Isn't the real question just the opposite: why would anyone
expect the code to work? The only declaration of func is in the
class template A, so normally, the only place func should be
visible is from within the class template A; certainly not from
main.

I was asking why the new code, that defines the function outside of the
class does not work, even when the friend declaration is omited.

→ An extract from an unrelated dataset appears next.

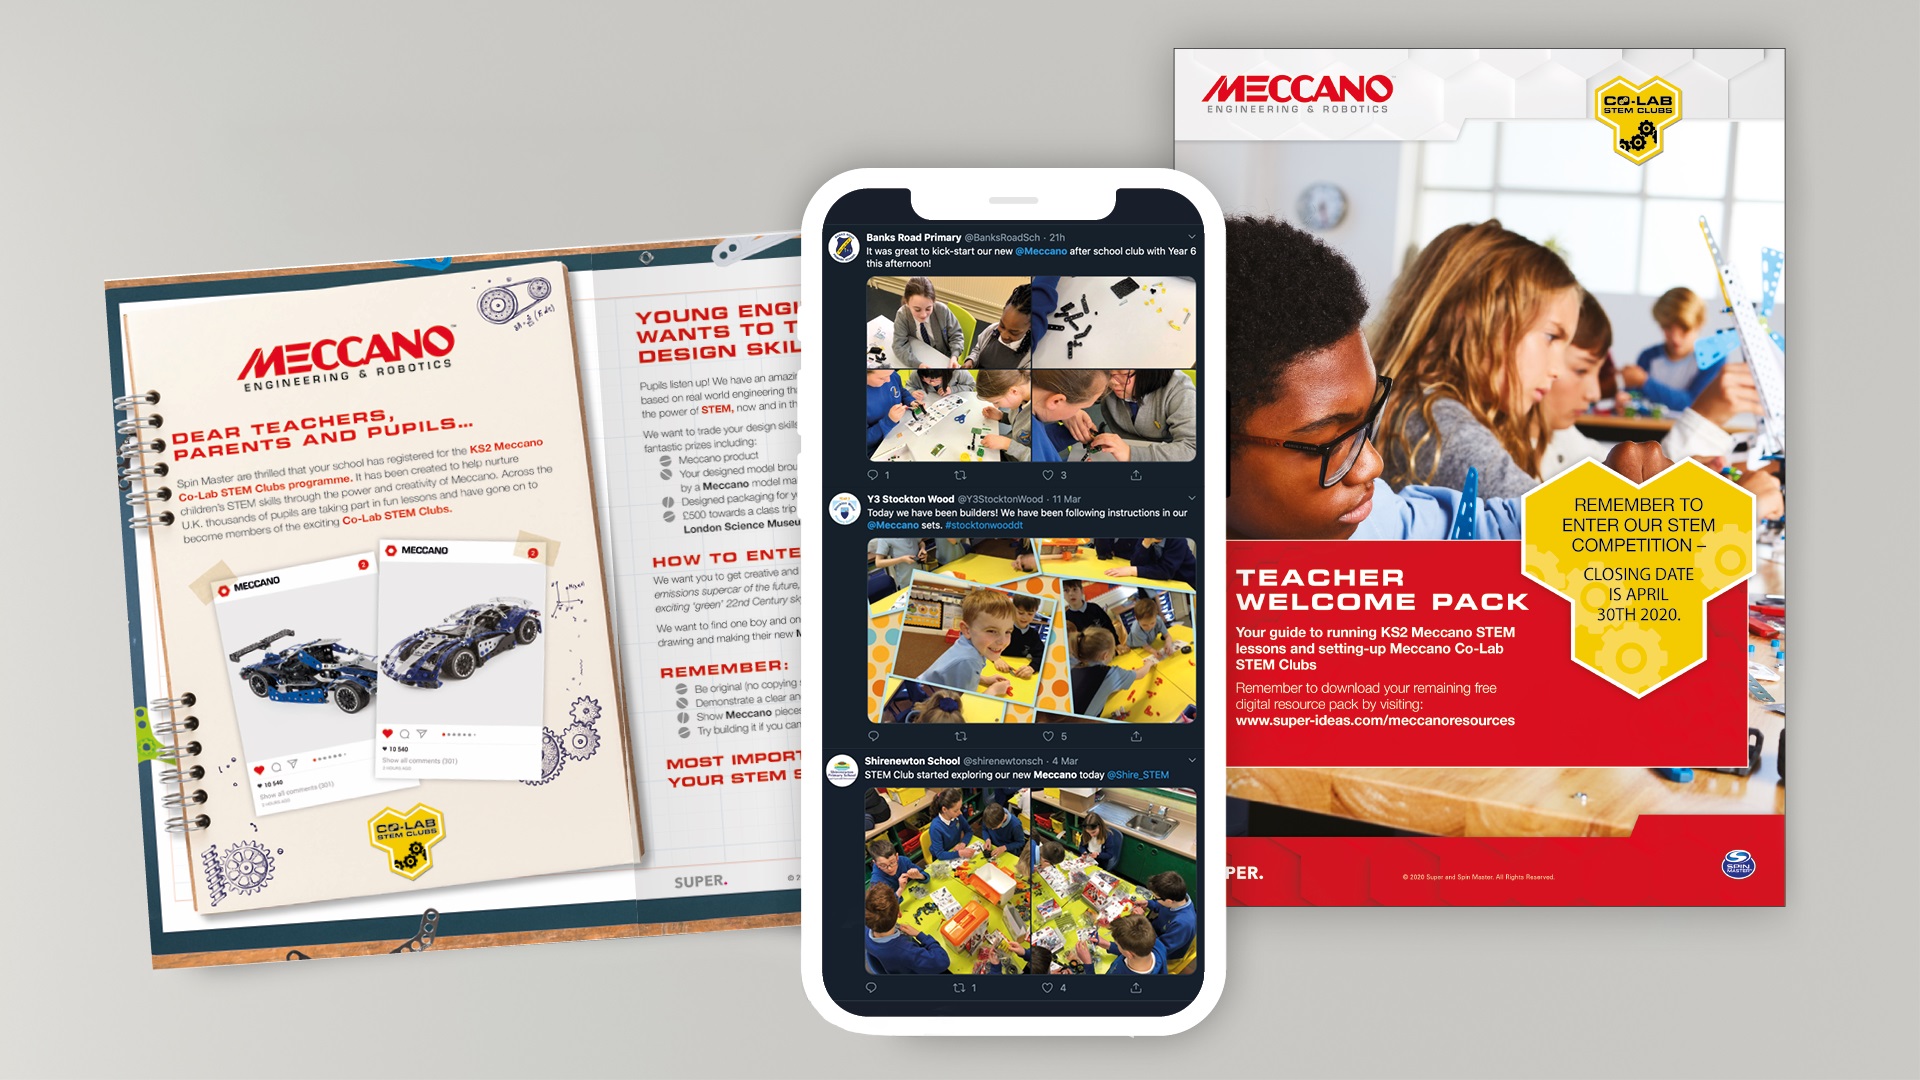 Meccano STEM school campaign with SUPER

In other words, why does Comeau not like the following:

----------------------------------
template<typename T,typename T2> T addw(T x,T2 y) {return x+(T)y;}

template<typename T> struct A {
template<typename T2,T (* const operation)(T,T2)> struct B {};
};

template<typename T,typename T2>
const typename A<T>::template B<T2,addw<T,T2> > func(T x, T2 y) {
return typename A<T>::template B<T2,addw<T,T2> >();
}

int main() {
A<double> a,b;
func(1.2,1.3);
return 0;
}
----------------------------------

I get the following error:
------
"ComeauTest.c", line 14: error: no instance of function template "func"
matches the
argument list
The argument types that you used are: (double, double)
func(1.2,1.3);

------


If I change the line to "func<double,double>(1.2,1.3);", I still get the
same error.



If I replace func's definition with:
-----------------
template<typename T>
const typename A<T>::template B<double,addw<T,double> > func(T x, double y)
{
return typename A<T>::template B<double,addw<T,double> >();
}
-----------------
I still get the error.


On the other hand, the following replacement works:
-----------------
template<typename T2>
const typename A<double>::template B<T2,addw<double,T2> > func(double x, T2
y) {
return typename A<double>::template B<T2,addw<double,T2> >();
}

 

[James Kanze]

James Kanze wrote:
I was asking why the new code, that defines the function
outside of the class does not work, even when the friend
declaration is omited.

In other words, why does Comeau not like the following:

template<typename T> struct A {
template<typename T2,T (* const operation)(T,T2)> struct B {};
};

template<typename T,typename T2>
const typename A<T>::template B<T2,addw<T,T2> > func(T x, T2 y) {
return typename A<T>::template B<T2,addw<T,T2> >();
}

int main() {
A<double> a,b;
func(1.2,1.3);
return 0;
}
----------------------------------

I get the following error:
------
"ComeauTest.c", line 14: error: no instance of function template "func"
matches the
argument list
The argument types that you used are: (double, double)
func(1.2,1.3);
------

This looks to me like a bug in Comeau.

If I change the line to "func<double,double>(1.2,1.3);", I
still get the same error.

Because it doesn't change anything?

Note that even in this case, template argument deduction occurs,
and can fail. But none of the reasons given for failure seem to
apply here: there can't be any ambiguity with regards to the
type (which in fact was also true in the previous version), and
none of the cases in the list in §14.8.2/2 (Those following the
statement "Type deduction may fail for the following reasons:")
seem to apply.

If I replace func's definition with:
-----------------
template<typename T>
const typename A<T>::template B<double,addw<T,double> > func(T x, double y)
{
return typename A<T>::template B<double,addw<T,double> >();}

On the other hand, the following replacement works:
-----------------
template<typename T2>
const typename A<double>::template B<T2,addw<double,T2> > func(double x, T2
y) {
return typename A<double>::template B<T2,addw<double,T2> >();}
-----------------

And of course, a non-template func works just fine.

What is going on here?

I'd report a compiler bug to Comeau. With the three
cases---there's probably a good hint in them as to where the bug
is (for someone who knows the compilers internals, of course).
(Note, for example, that in the last case, the template A is
resolved when the function template func is defined; in the
other two cases, only when it is instantiated. I would guess
that these are handled in different places in the compiler.)